20Apr – Bath / Lacock

This morning, our group ventured away from Bath to the village of Lacock in county Wiltshire. Lacock is a quintessential English village that has changed little in 200 years. Its streets are lined with timber-framed and stone houses and small shops–the perfect setting for period piece films.

And so it has been. Almost entirely owned by the National Trust, the village, abbey and abbey gardens have been used in Harry Potter and the Half-Blood Prince, The Other Boleyn Sister, Downton Abbey and others. Most important to our visit, Lacock was the stand-in for the local villages in two Jane Austen filmed adaptions:

  • Highbury village in the 1996 Emma
  • Meryton village in the 1995 Pride and Prejudice–with the Red Lion Inn standing in for the Meryton Assembly Rooms.

Here are a lot of pictures to try and capture the old-timey look of the village. None of the buildings or street scenes brought back any specific scenes from the films to me. That will require another watching with attention paid to the background. But you can well see that, excepting the cars, time seems to have stood still in the whole village.

(And, no, I did not cut-n-paste my selfie into each of those pictures…although they do look frighteningly similar!)

I did overhear one of the Trust employees explaining to an inquiring guest how the TV antennae have all been hidden behind the village houses to maintain the period look.

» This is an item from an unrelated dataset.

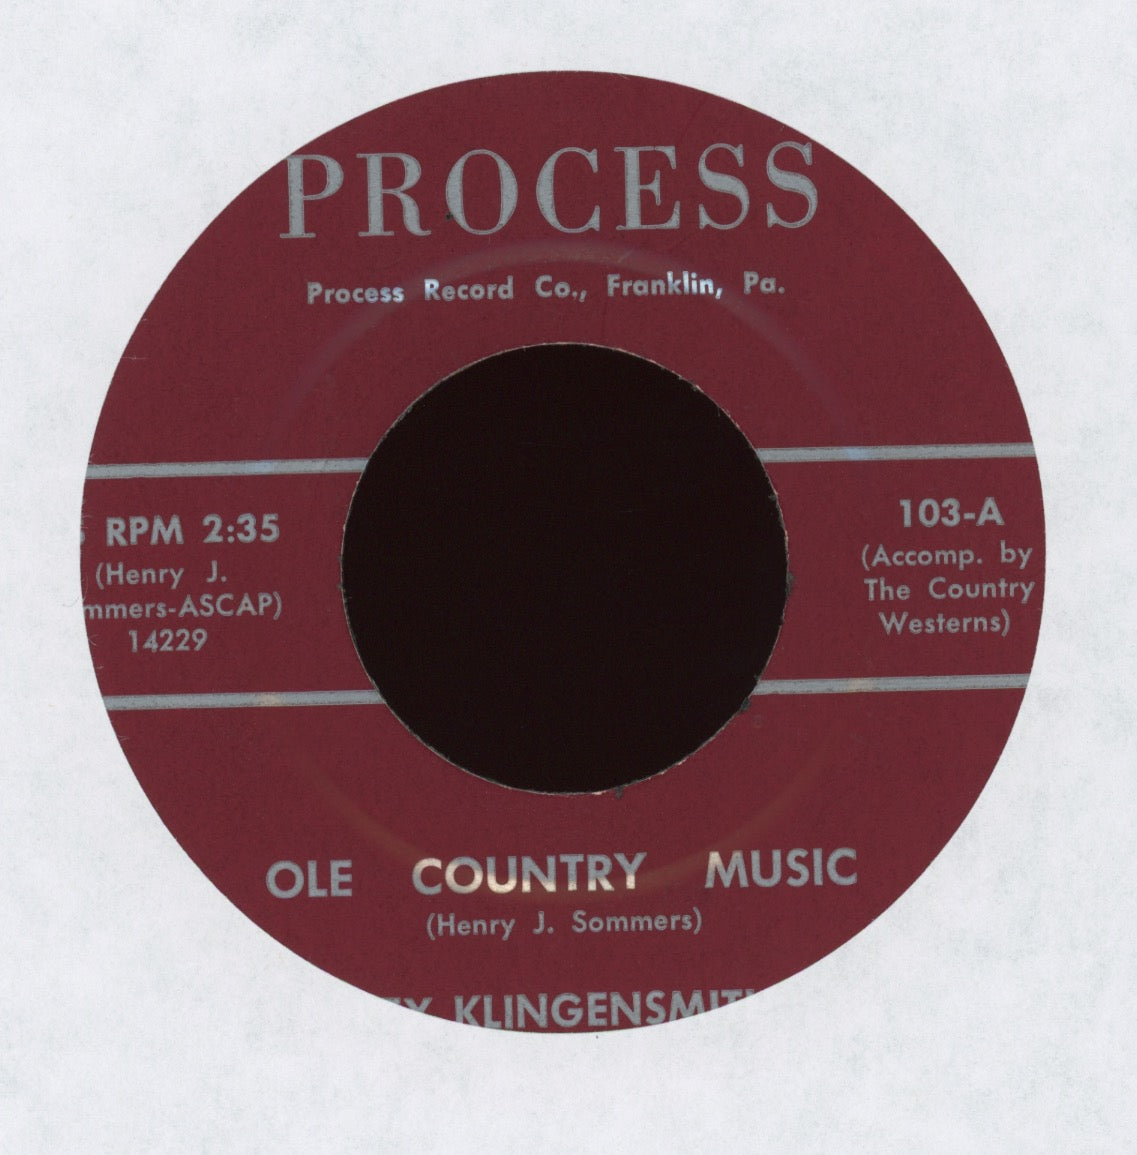 Rex Klingensmith - Ole Country Music on Process

After spending an hour or so wandering this pocket of 18th century preservation, we gained entry to the adjacent Lacock Abbey.

The abbey was founded by Ela, Countess of Salisbury in the 13th century as a nunnery of the Augustinian Order. It was closed by Henry VIII. The nuns left and Sir William Sharington, a Tudor courtier, purchased the abbey, turning it into his country house. He incorporated the abbey cloister into the design of his home, an unusual move that has helped preserve it to this day.

In the 1700’s, the abbey was inherited by the Talbot family who eventually gave it to the National Trust in 1944. I mention this because one of the Talbots, William Henry Fox Talbot, captured the first photographic negative in August 1835. His invention of negative-to-positive photo transfer became the standard for photography worldwide…until the onslaught of digital capture. There is an adjacent museum telling his story that would probably be very interesting to professional and amateur photographers alike.

After our allotted time in the abbey, we were transported back to Bath for an afternoon to ourselves. I chose this opportunity to 1) find a bank’s ATM to “gain” a few more pounds; then 2) set out to find and photograph all of the other still-existing Jane Austen residences while en route to 3) the Royal Crescent Gift Shop.

Jane Slept Here

Here are my finds. There was one other residence that Jane, her sister and her mother occupied before their worsening circumstances forced another move. However, the address, nay the building no longer exists.

Missions accomplished, I returned to the hotel after stocking up on water and a banana at Pret A Manger (a store I used to frequent in London). Then, it was a shower and a short nap before getting dressed up. Yup! I wore the sport coat and th’other dressy paraphernalia that I had carted across The Pond for our Regency night out. More on that in my trip take-aways later.

Boarding the motor coach again–with two of our group finely done up in full Regency dress–we were taken to the Bailbrook House Hotel for an evening of champagne with hors d’œuvres, a Regency entertainment and a buffet dinner.

The evening’s performers were Captain George Featherstonehaugh on the keyboard and Miss Cholmondeley on the vocal cords, presenting us with an “Evening devot’d to songs by composers known to the immortal Miss Jane Austen.” (And songs there were: twenty-one of them!) The material consisted largely of opera pieces of the period — Mozart, Händel, Haydn and Beethoven were all represented — with a couple of sea chanty-ish digressions thrown in for good measure.

Evenings such as this must have been the rock concerts of their day.

After dessert, we piled back onto the motor coach and returned to the hotel. We needed to pack up and pack it in as our time in Bath was coming to a close and we were leaving for the coast (Lyme Regis) and Winchester in the morning.